The stock market has apparently fallen out of love with semiconductor stocks. Most major semis stocks are down this year, some by half. The SOX Semis index is down almost 18% this year. We are not in the markets on a daily basis anymore, but as the Street progresses through earnings season, we thought we would take stock on stocks.
The table below details the performance of a dozen of what we consider typical semis stocks in the hopes of gauging which sectors have felt the pain of this cycle and which may still have more downside.
We did not include Intel in this survey as we felt their prospects are being measured by some very company-specific risks (i.e. will they survive?) while the others are trading more around macro and industry conditions.
We think the data shows some clear patterns by segment. Not all semis stocks are being treated the same. Note that the major analog companies Texas Instruments and Analog Devices have both fallen less than their peers. By contrast, the more consumer-exposed names like Qualcomm and Nvidia are down 30+% this year. The worst hit are the wafer fabrication equipment (WFE) names like Applied Materials and LAM Research.
We think this maps fairly well to how we generally see the industry right now. Semis are obviously in the downward slope of their cyclical pattern. Six months ago we had to argue with people that semis were cyclical, and now that gravity has reasserted itself the markets have taken note.
One important difference between this downturn and past cycles is that the pain is much more spread out. We have seen warning signs in mobile and PC names for almost a year, but in many industrial categories (i.e. automotive) supply has only just caught up with demand. We interpret this as meaning that the industrial and analog names may be vulnerable as we move into next year. We recognize that this is highly debatable. After all TXN gave a fairly dour outlook on their call this week and the stock hardly budged.
And then there are the WFE names. These companies have been hurt fairly badly by the latest US sanctions against China chip companies, but their declines over the past month, a period covering the announcement of those tougher restrictions, are much smaller than their declines this year implying the market is more concerned with the overall semis environment.
That leaves us with the data center and networking stocks. This is a bit harder to parse from the data. AMD got hit fairly hard on their latest earnings, but they attributed those poor results to a slowdown in PCs and not the data center results.

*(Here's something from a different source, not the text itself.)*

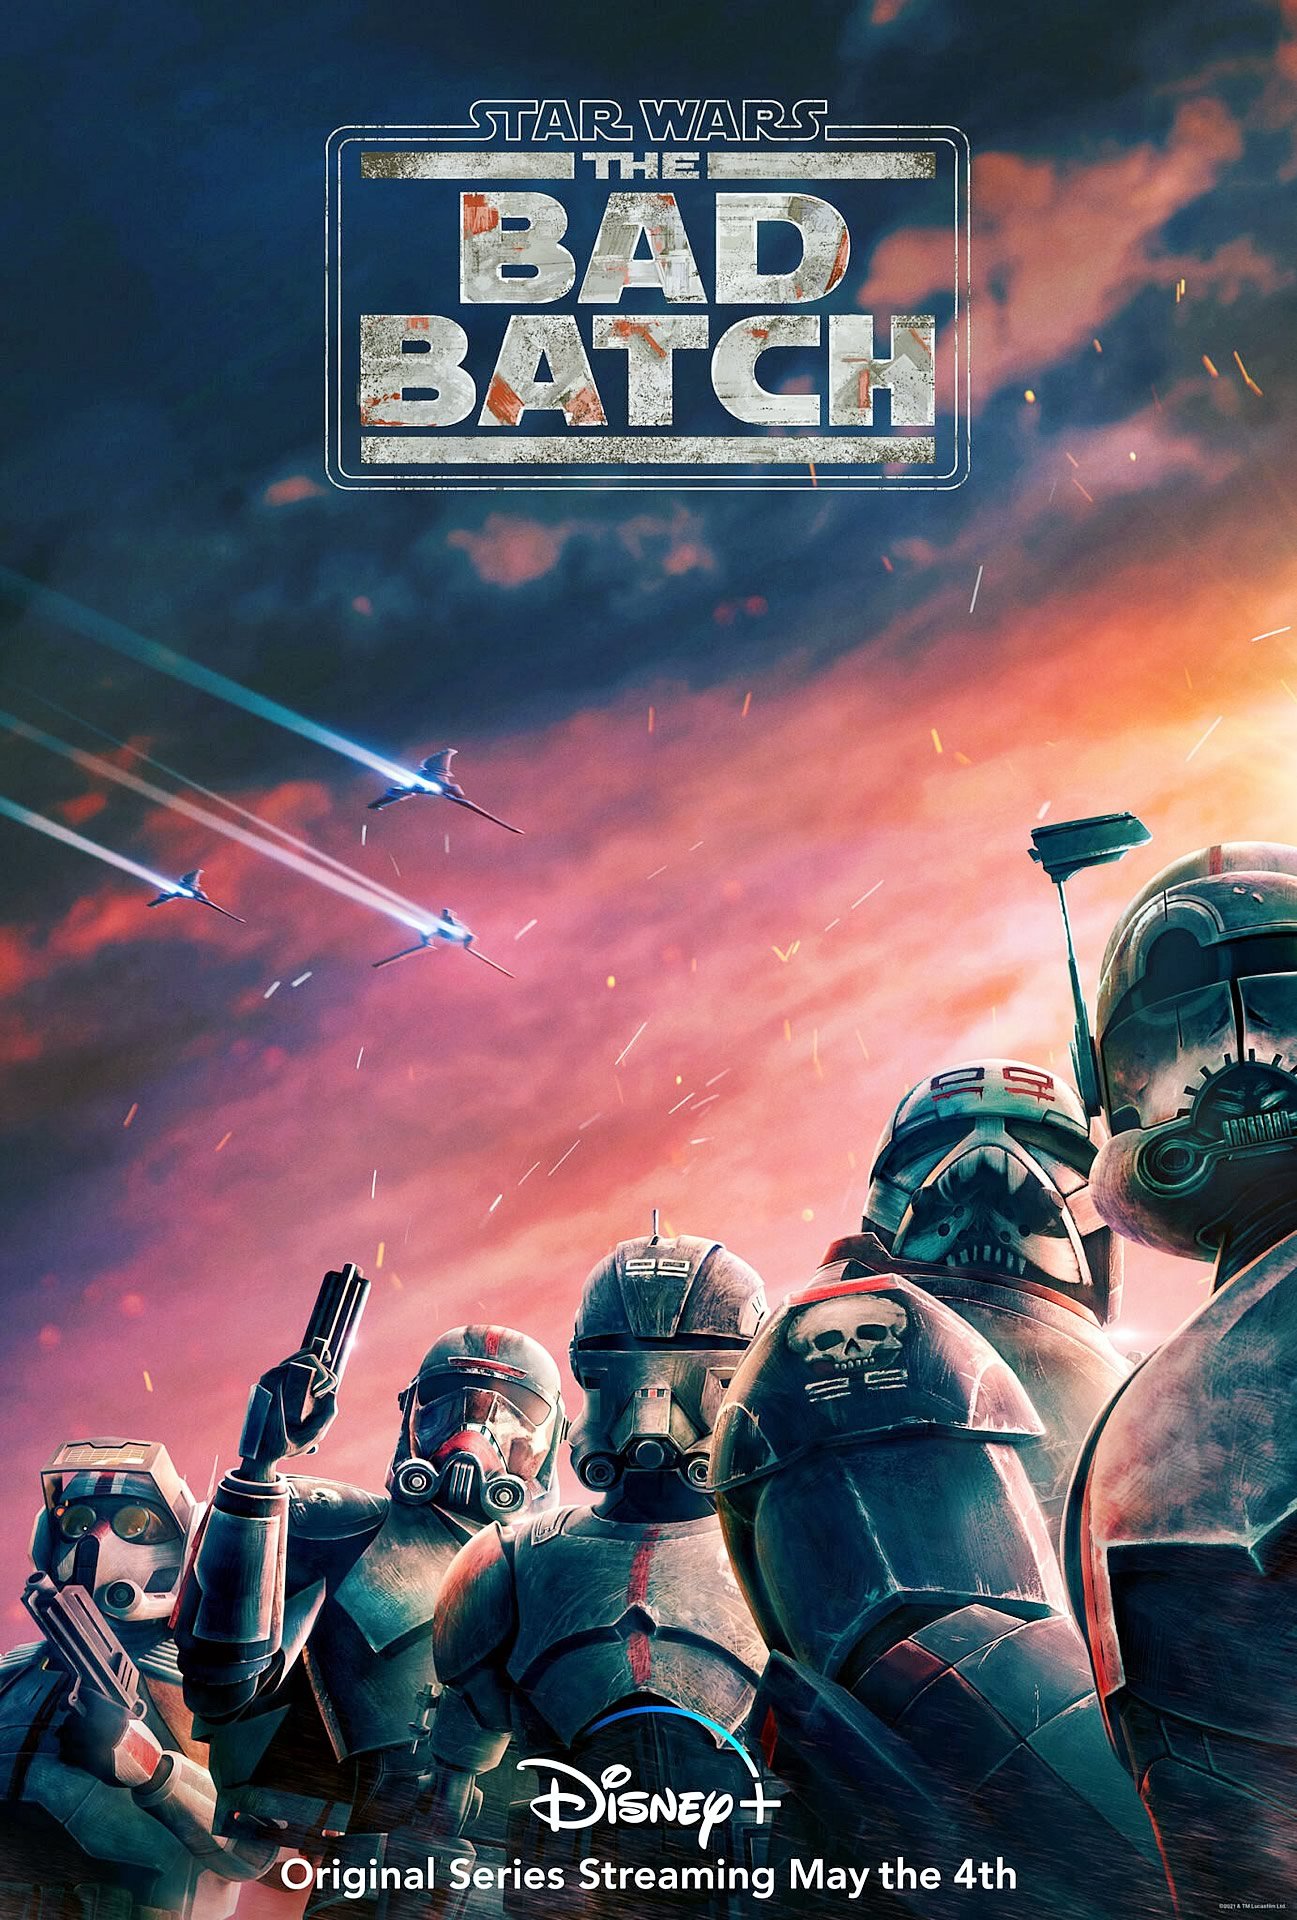 The Bad Batch | Disney Plus divulga novo trailer da série animada de Star Wars

By contrast, Broadcom has fared better than their peers this year, is that a sign of confidence in their networking and data center products? After all they have a lot of exposure to mobile and consumer. And it is also fair to ask if AVGO even trades as a semis stock anymore. We continue to think that demand for data center semis will eventually take a pause, but the market seems to disagree.
All this leaves us with the question is now the right time to enter semis stocks? We think it is still too soon. End demand is weak, inventories are still elevated, and there may be a big recession looming. Valuation multiples are still high. We tend to think the time to buy semis will come when we stop valuing these companies on revenue multiples and go back to earnings metrics. Regardless, the pace of this downturn remains protracted, hitting each segment at a different time. When semis stocks really do start to recover, maybe in the middle of next year, we will have seen all the segments take a hit.